Now the election victory of these theocratic forces, and the prospect of their open domination of the central government, raises serious questions about whether the country as a whole can hold together.

The other concern the U.S. has is that the dominant parties in the new government are closely aligned with the theocratic government of neighboring Iran. The election victory of this Shiite religious coalition might increase the influence of the Iranian government in southern Iraq, and its power throughout the whole strategic Gulf region. After Iraq's election, Ayatollah Ahmad Jannati, who heads the Iranian government's powerful Guardian Council, said: "We are happy with all that has happened in Iraq, including the elections and the victory of the encompassing and Islamist alliance. Considering this trend, we can determine that a stable Islamic rule is being established in this country."

The ruling regime in Iran is a major impediment to the agenda of U.S. imperialism in Middle East, and in particular to the neo-con vision of radically reshuffling the whole region. Iran is involved in negotiating its own deals with other imperialist powers like Russia and France, and its own attempts to strengthen its position in the region. And so the rise of Iran's allies to power in Iraq puts Iran in the position of deepening the quagmire for the U.S. And it raises the danger that Bush will feel all the more compelled to escalate aggression against Iran. [See Seymour Hersh, Where is the Iraq war headed next?, New Yorker, Dec. 12, 2005]

This raises extremely acute concerns that Bush may be about to launch a major new military aggression against Iran itself -- drawing even more countries into a widening war within the Middle East. Der Spiegel and other German press are reporting that the U.S. government has plans in place for an air strike against Iranian nuclear and military facilities quite possibly now in early 2006. Their preparations reportedly included a heavy series of high level U.S. consultations with its allies -- including Turkey, the European Nato powers and regional allies like Pakistan, Jordan and Saudi Arabia. It is also alleged that the U.S. has given a green light to Turkey's military to cross its eastern borders into Iran during such a U.S. attack, supposedly in order to destroy Kurdish nationalist encampments there.

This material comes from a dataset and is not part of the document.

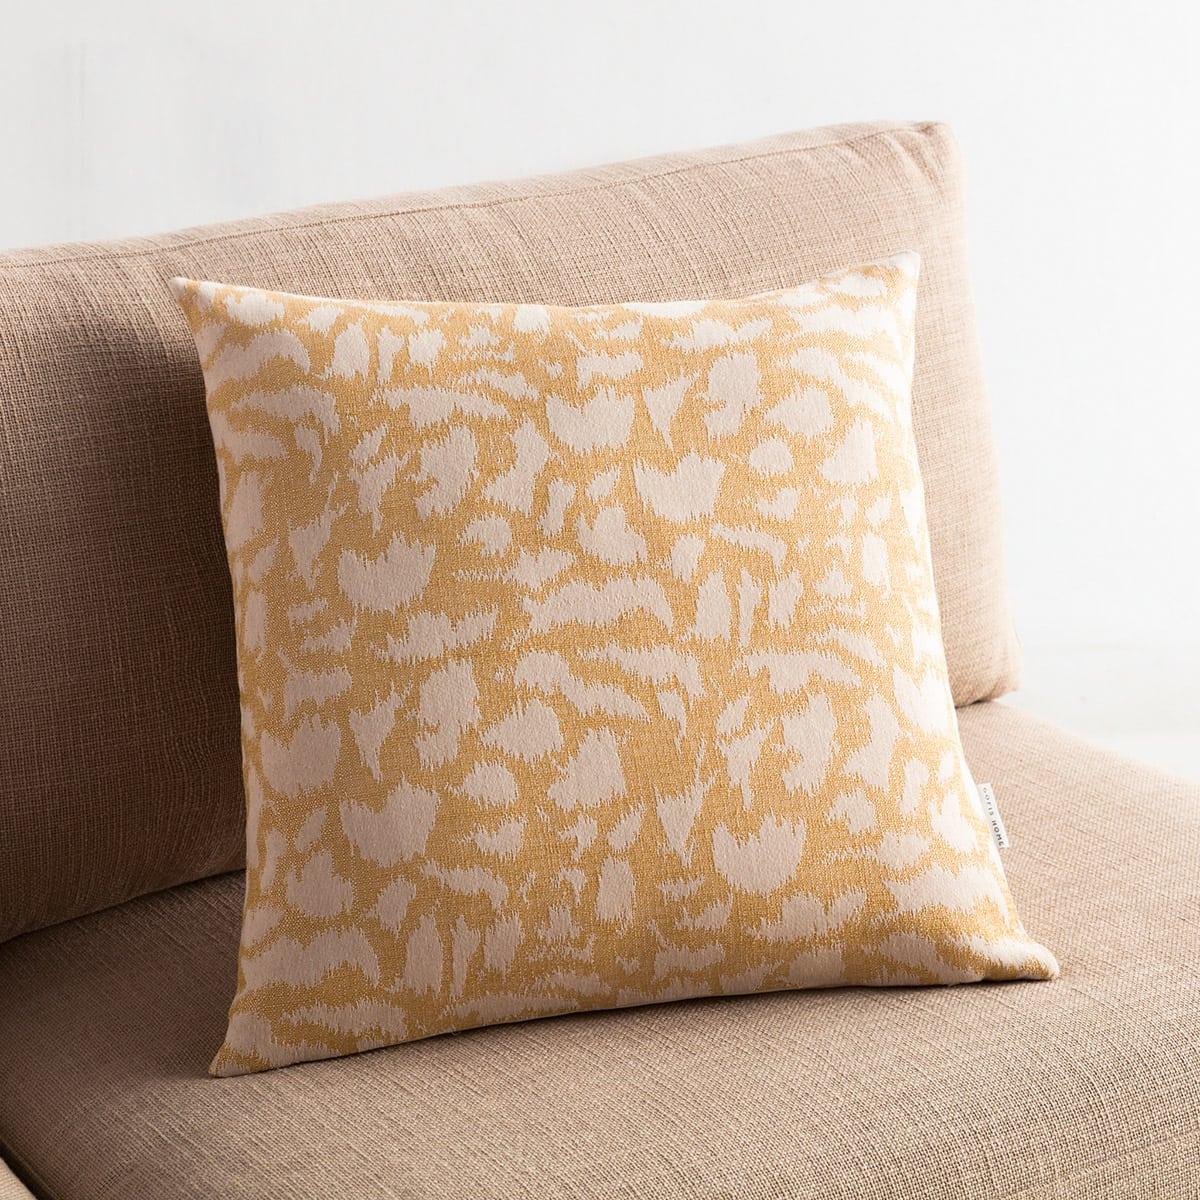 Μαξιλαροθήκη Διακοσμητική Simone 458/04 Mustard Gofis Home 50X50 Βαμβάκι-Polyester

Already over 100,000 Iraqi people have died since the U.S. launched its 2003 invasion. U.S. forces constantly rage through the country, punishing whole towns and neighborhoods with ground assaults and intense air bombardments. In the buildup to the December 15 elections, U.S. marine warplanes bombed the town of Husaybah killing 97 civilians, during the brutal two-week U.S. offensive in Anbar province. U.S. forces and their allies have rounded up captives, often literally at random, with over 15,000 now brutalized and tortured in prison camps like Abu Ghraib that are so notorious around the world.

While the election didn't offer the Iraqi people any option for ending all this, for true self-determination, and was staged to legitimize the U.S. occupation of the country, the results created complex problems for the U.S.

While Bush may claim the election legitimizes the war, the results deepen the real quagmire Bush has plunged into in Iraq, and also present real dangers that the U.S. will "up the ante" and attack Iran. All of which increases the necessity of the people to struggle to end this unjust war and occupation, right now.